Dichiarazione di dipendenza / n°285
Spaghetti pollo e insalatina...
In bocca al lupo
  "Curare la propria persona è un dovere assoluto verso se stessi e gli altri che, nei soggetti equilibrati, appaga e rasserena, ma in quelli dalla personalità fragile o in formazione, come ad esempio gli adolescenti, fa spesso scivolare nel patologico, senza averne piena consapevolezza".
di Maria Colomba Marongiu / foto di Pino Ramos
 

I disturbi del comportamento alimentare (DCA) sono oggi molto frequenti e colpiscono, nel nostro mondo occidentale, in cui passa l'idea che solo i belli, magri, tonici, sempre efficenti e competitivi possano trovare successo e felicità, specialmente giovani adulti (prevalentemente di sesso femminile), tra i quindici e i trent'anni, che presentano un marcato disagio legato ad un disturbo dell'immagine del proprio corpo.

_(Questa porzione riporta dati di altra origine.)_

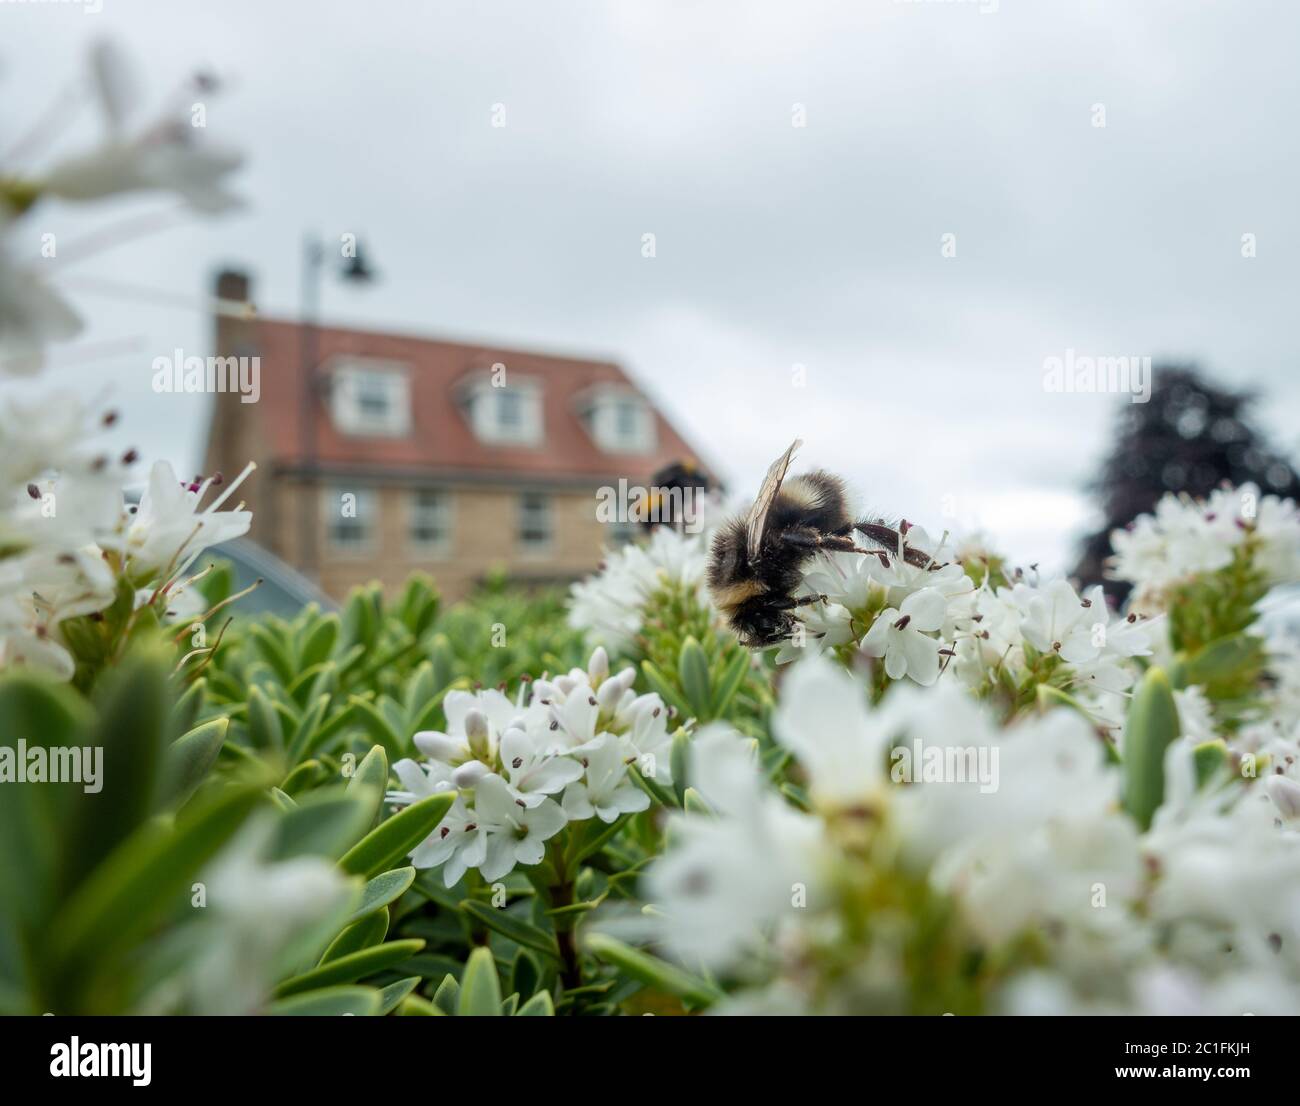 Faune urbaine britannique : les bourdons rassemblent le nectar et pollinisent un arbuste d'hébe dans un jardin à l'avant. West Yorkshire, Royaume-Uni Banque D'Images

E come potrebbe essere diversamente, quando i modelli di riferimento sono splendide top model taglia 38-40 o giovani fusti palestrati dalla muscolatura perfetta i cui corpi senza difetti ci bombardano da ogni pubblicità televisiva, cartellonistica o della carta stampata?
Tutti, inutile nasconderlo, vorremmo essere fisicamente come loro, ma, alla maggior parte di noi, il senso della realtà, l'autoironia ed un naturale senso critico fanno chiudere il discorso con una battuta ed una sana risata; si tratta, ahimè, di modelli irraggiungibili!

Curare la propria persona è un dovere assoluto verso se stessi e gli altri che, nei soggetti "equilibrati", appaga e rasserena, ma in quelli dalla personalità fragile o in formazione, come ad esempio gli adolescenti, fa spesso scivolare nel patologico, spesso senza averne piena consapevolezza. Infatti, è facile che dall'insicurezza, dall'insoddisfazione per il proprio aspetto fisico, dalla paura di non essere accettati nel gruppo, nasca la decisione di modificare il proprio corpo con una dieta drastica che, difficile da sostenere (il desiderio di mangiare resta fortissimo), porti spesso a gigantesche abuffate cui si "rimedia" provocandosi il vomito.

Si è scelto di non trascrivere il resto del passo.